The ECB is under pressure to raise rates as Iran war sends inflation back above 3%. Here is the impossible dilemma facing Christine Lagarde and why either choice carries serious risks.
Central bank governors are paid to make decisions that have no good option — only options with different risk profiles and different distributions of winners and losers. What Christine Lagarde and the ECB Governing Council face in April 2026 is one of those decisions, and it is harder than anything they have navigated since the initial inflation surge of 2022.
The structure of the problem is deceptively simple. European inflation, which had been declining steadily toward the ECB's 2 percent target and was widely expected to remain there through 2026, has reversed sharply. Goldman Sachs projects it at 2.7 percent in March, accelerating to 3.2 percent in the second quarter. The energy component, which was negative for much of the past year, has swung violently positive as Iran war oil and gas prices feed through to consumer prices.

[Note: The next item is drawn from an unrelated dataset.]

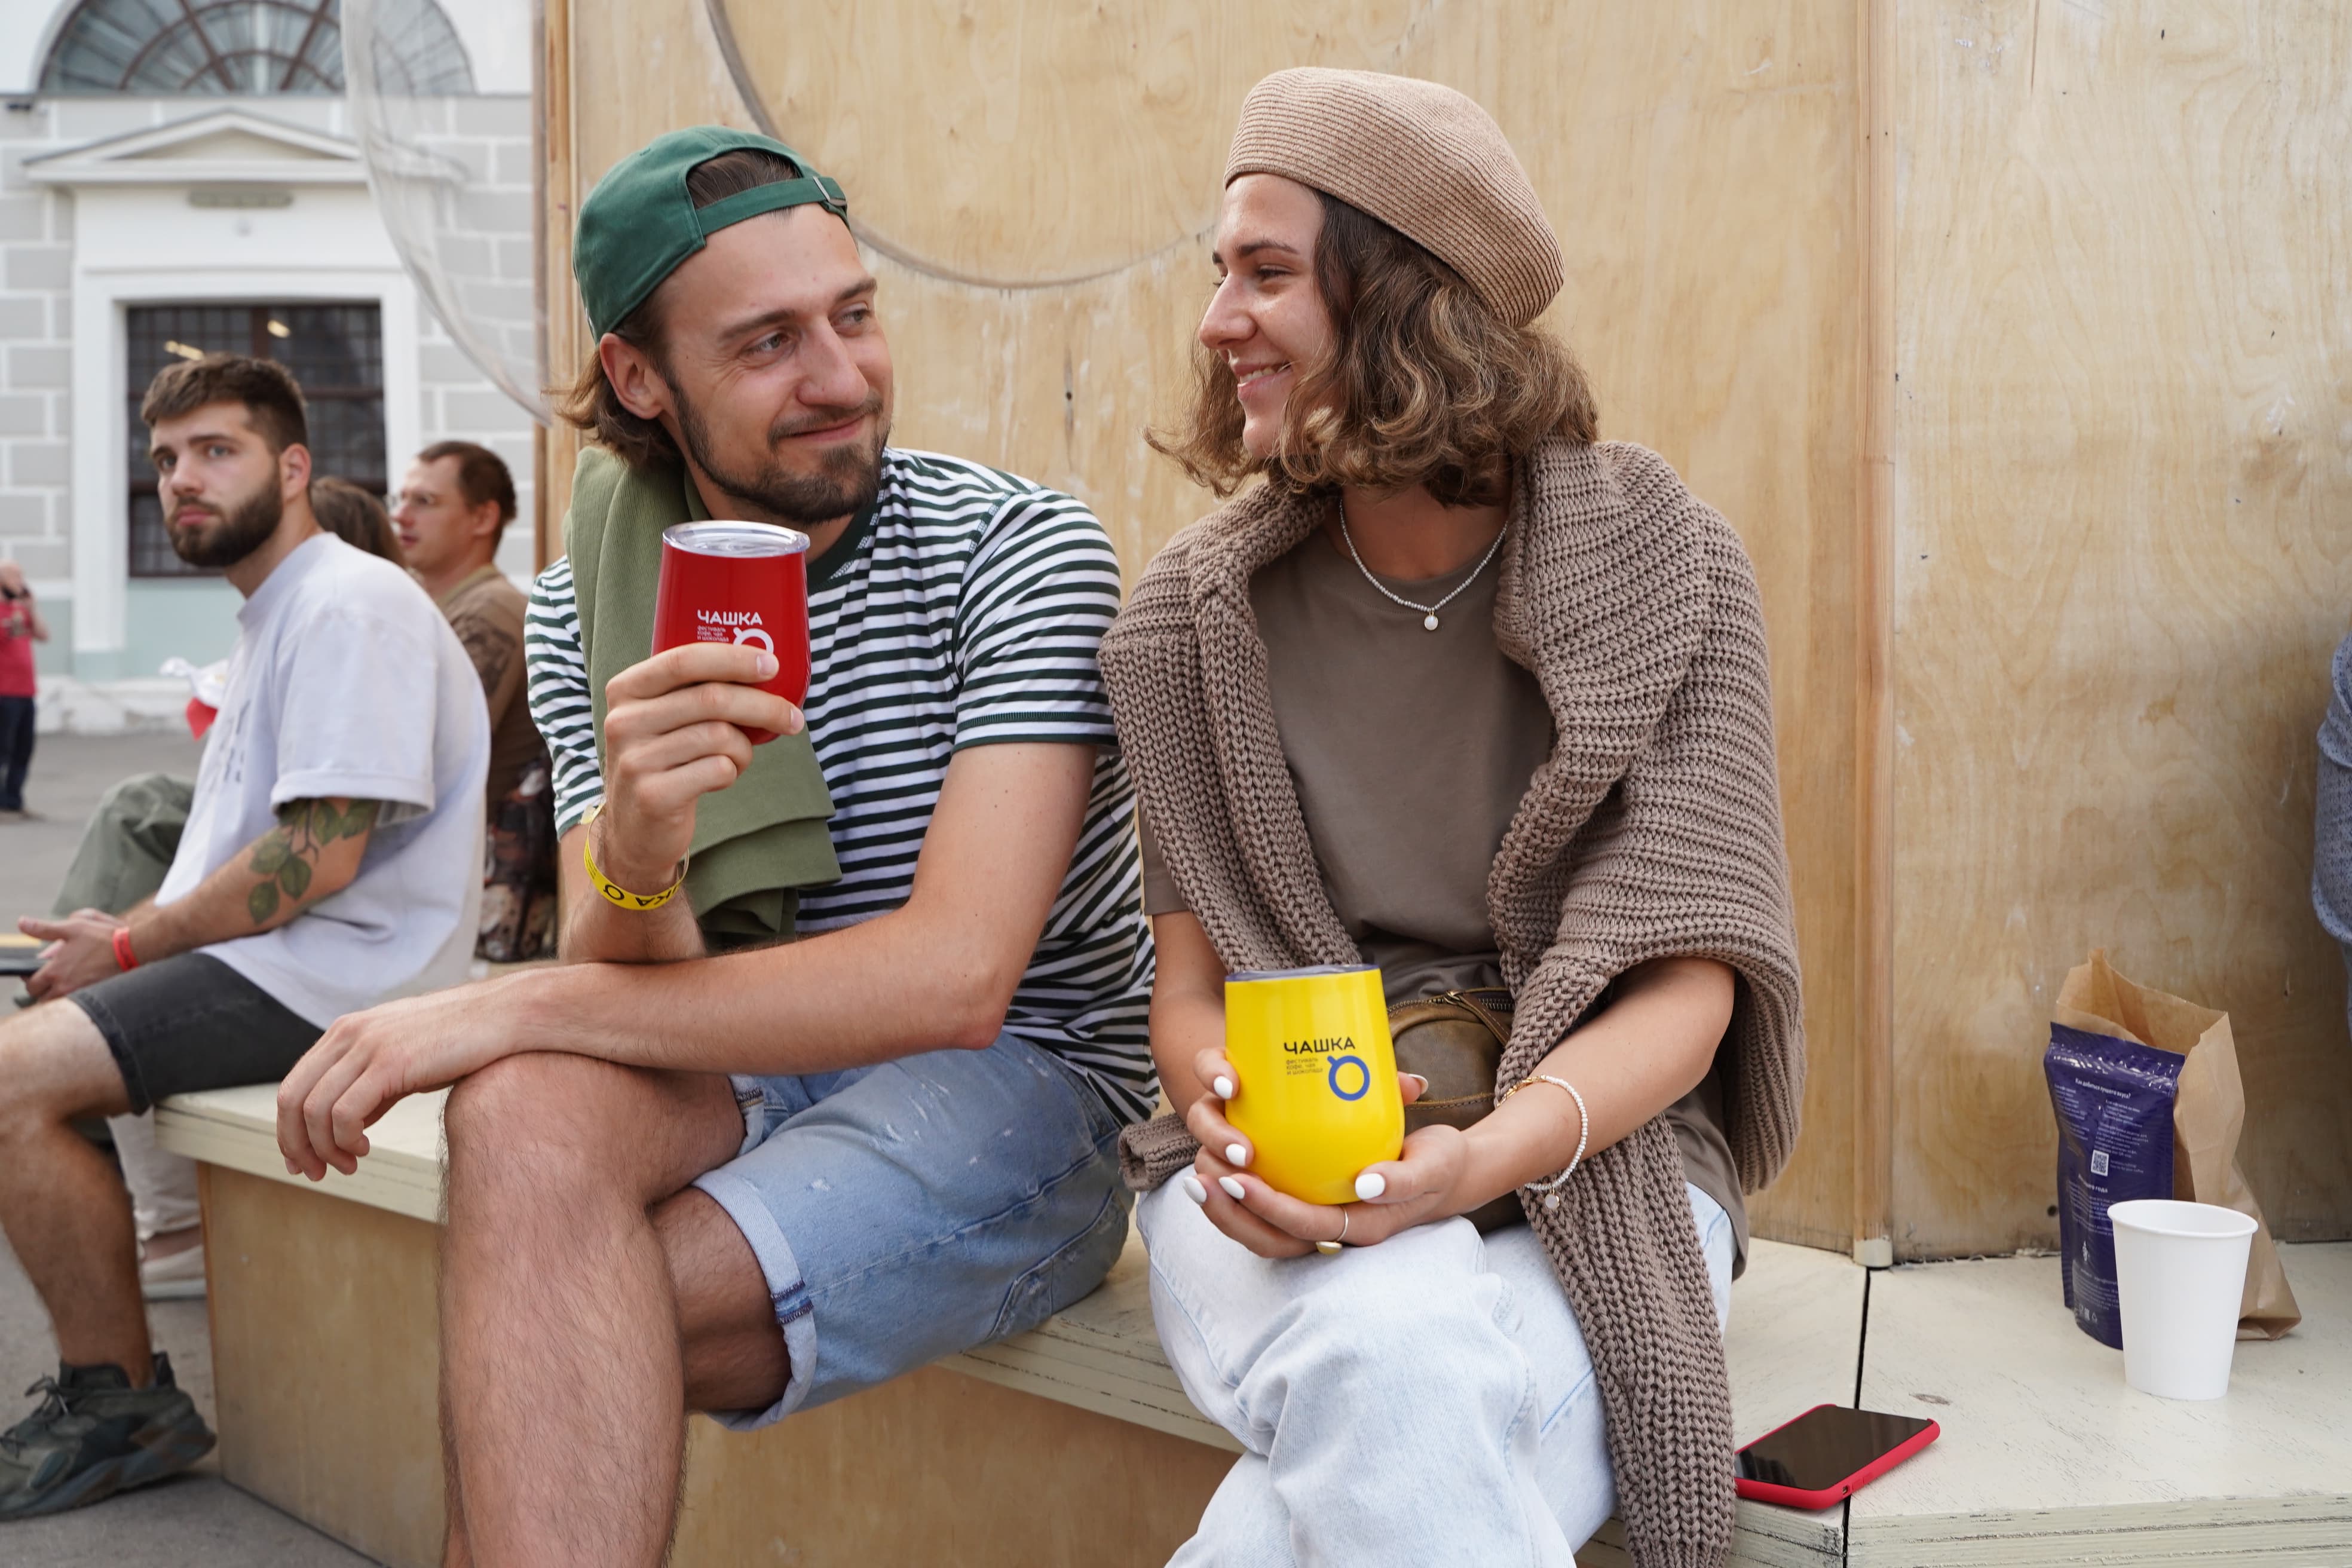 Фестиваль «Чашка» – яркое событие для любителей кофе, чая и шоколада |  Retail.ru

In a textbook inflation response, the ECB would raise interest rates: making borrowing more expensive reduces demand, reduces economic activity, and therefore reduces upward pressure on prices. The bank has done this before, successfully, during the 2022-2024 inflation episode.
But this is not 2022. The current inflation is not demand-driven. It is supply-driven — a shock to the energy supply side of the economy that is simultaneously raising prices and reducing economic output. The same high energy costs that generate the inflationary headline number are also compressing household spending, reducing industrial output, and weakening growth. The economy is not running hot. It is being hit by a cold water pipe on one side and a fire hose on the other.
Raising interest rates in response to supply-side inflation is, in economic terms, largely futile for controlling the energy price component — interest rates do not open the Strait of Hormuz. But it does risk tipping an already weakening economy into recession. The ECB's hold decision at its March meeting was defensible. By April, the pressure to act one way or the other will be difficult to resist.